XAMI -- A Benchmark Dataset for Artefact Detection in XMM-Newton Optical Images

TL;DR

The paper addresses artefact detection in astronomical images by introducing XAMI, a benchmark dataset derived from the XMM-Newton Optical Monitor with 1000 annotated single-channel images totaling 7021 artefact masks across multiple artefact types. It presents a hybrid CNN-ViT baseline that fuses YOLOv8 for bounding boxes with the Segment Anything Model for segmentation, trained using ground-truth masks and a distilled MobileSAM encoder, with three mask outputs and Kuhn-Munkres assignment for alignment. The results demonstrate a mean IoU around 0.66 on validation and practical inference times (~100 ms per image, with SAM contributing 70–80 ms), indicating the method’s viability for medium-to-large astronomical surveys. The work provides reproducible code and data to enable further development, benchmarking, and integration into existing processing pipelines for artefact-aware astronomy.

Abstract

Reflected or scattered light produce artefacts in astronomical observations that can negatively impact the scientific study.
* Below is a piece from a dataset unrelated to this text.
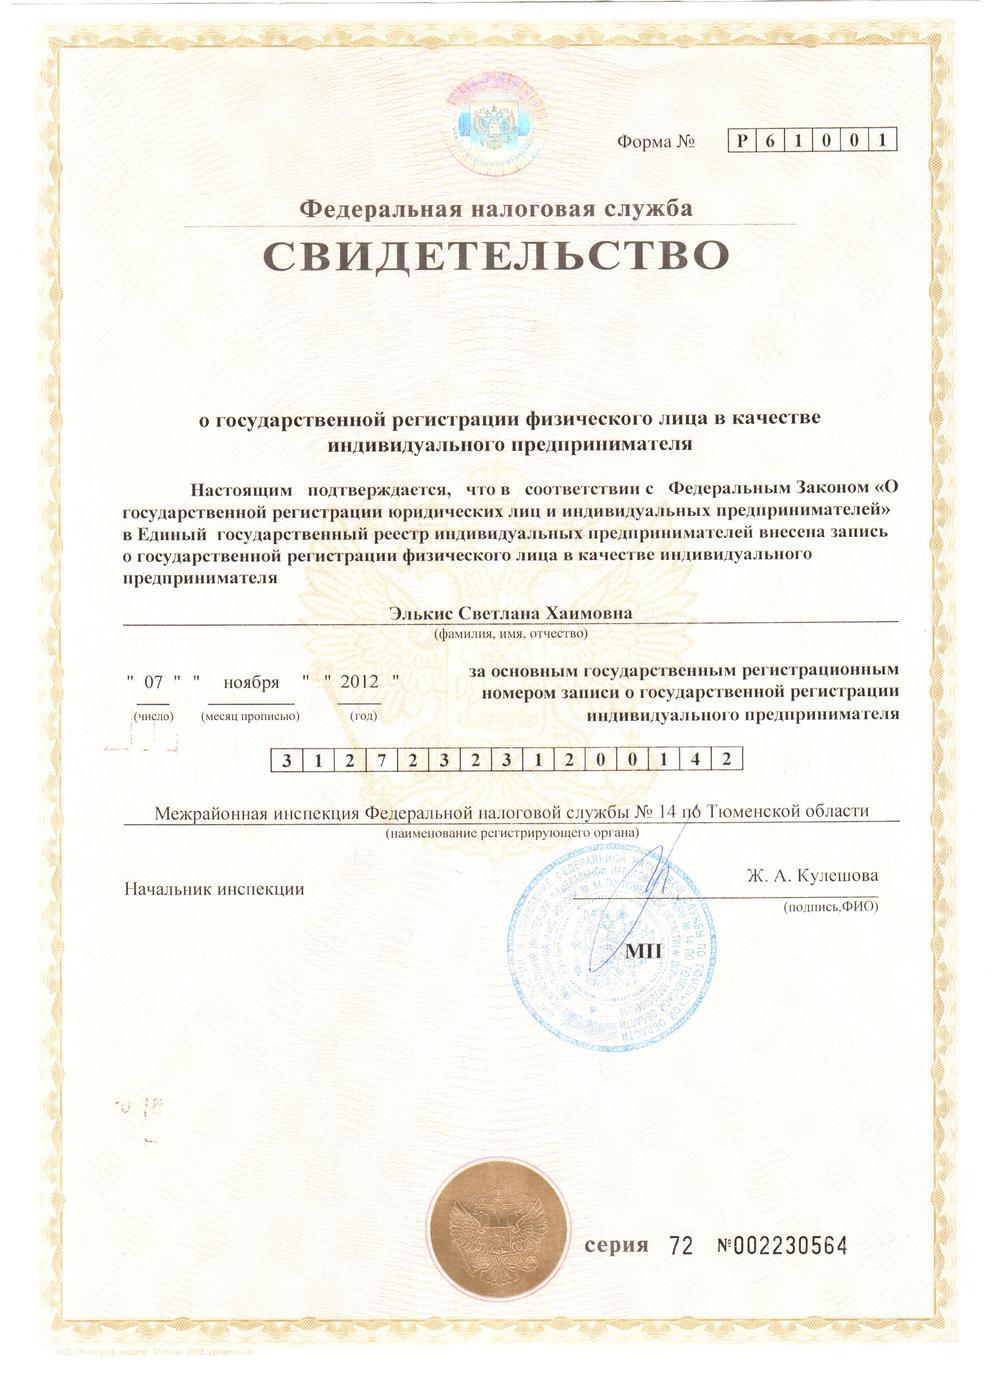 Скан регистрации ип 1с бухгалтерия через интернет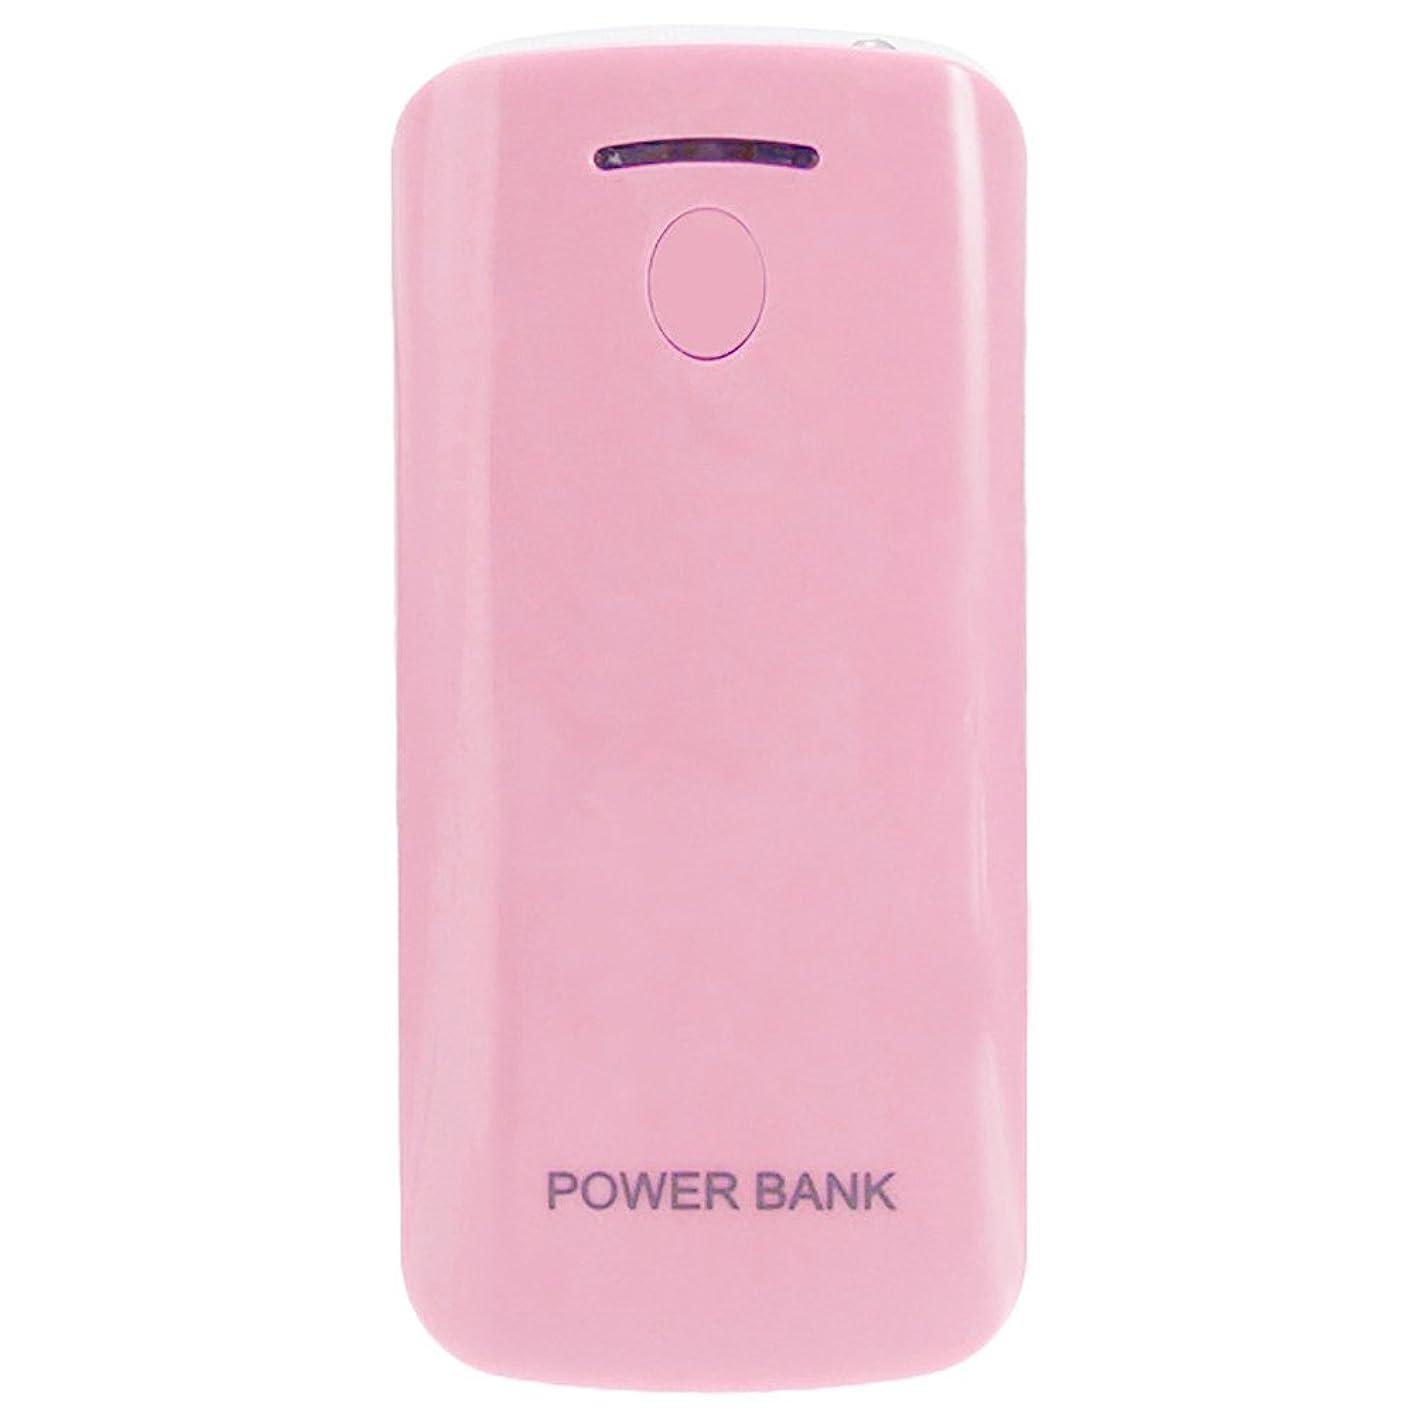 達成可能早める狭いミニポータブルパワーバンクシェル 充電式電池 外付けバッテリー リチウム電池 バッテリーバックアップ (ピンク)

Hence, automated detection of these artefacts is highly beneficial, especially with the increasing amounts of data gathered. Machine learning methods are well-suited to this problem, but currently there is a lack of annotated data to train such approaches to detect artefacts in astronomical observations. In this work, we present a dataset of images from the XMM-Newton space telescope Optical Monitoring camera showing different types of artefacts. We hand-annotated a sample of 1000 images with artefacts which we use to train automated ML methods. We further demonstrate techniques tailored for accurate detection and masking of artefacts using instance segmentation. We adopt a hybrid approach, combining knowledge from both convolutional neural networks (CNNs) and transformer-based models and use their advantages in segmentation. The presented method and dataset will advance artefact detection in astronomical observations by providing a reproducible baseline. All code and data are made available (https://github.com/ESA-Datalabs/XAMI-model and https://github.com/ESA-Datalabs/XAMI-dataset).

Paper Structure

This paper contains 6 sections, 1 equation, 5 figures, 3 tables.

Figures (5)

  • Figure 1: Examples of artefacts in various space missions. (upper left) An optical ghost detected in Euclid’s First Light near-infrared images. (upper right)Ghost rays and stray light patterns present in NuSTAR mission. (bottom left) Star loops and dragon's breath artefacts appearing in the Hubble Space Telescope images. (bottom right) Star loops and streaks present in the XMM-Newton Optical Monitor.
  • Figure 2: Artefacts appearing in the XMM-OM observation S0148740701 of the QSO 1939+7000 field (U filter).
  • Figure 3: Distribution of annotation bounding boxes across different classes in the XAMI dataset.
  • Figure 4: (left) Cumulative distribution of IoUs between predicted and true masks on training and validation sets. (right) Comparison of IoU distributions with higher median and consistency in training data and greater variability in validation data.
  • Figure 5: Detected masks across eight fields within the validation set, with increasing mean IoU between predicted and ground-truth masks. The mean IoU on the validation set images is $0.658\pm0.207$.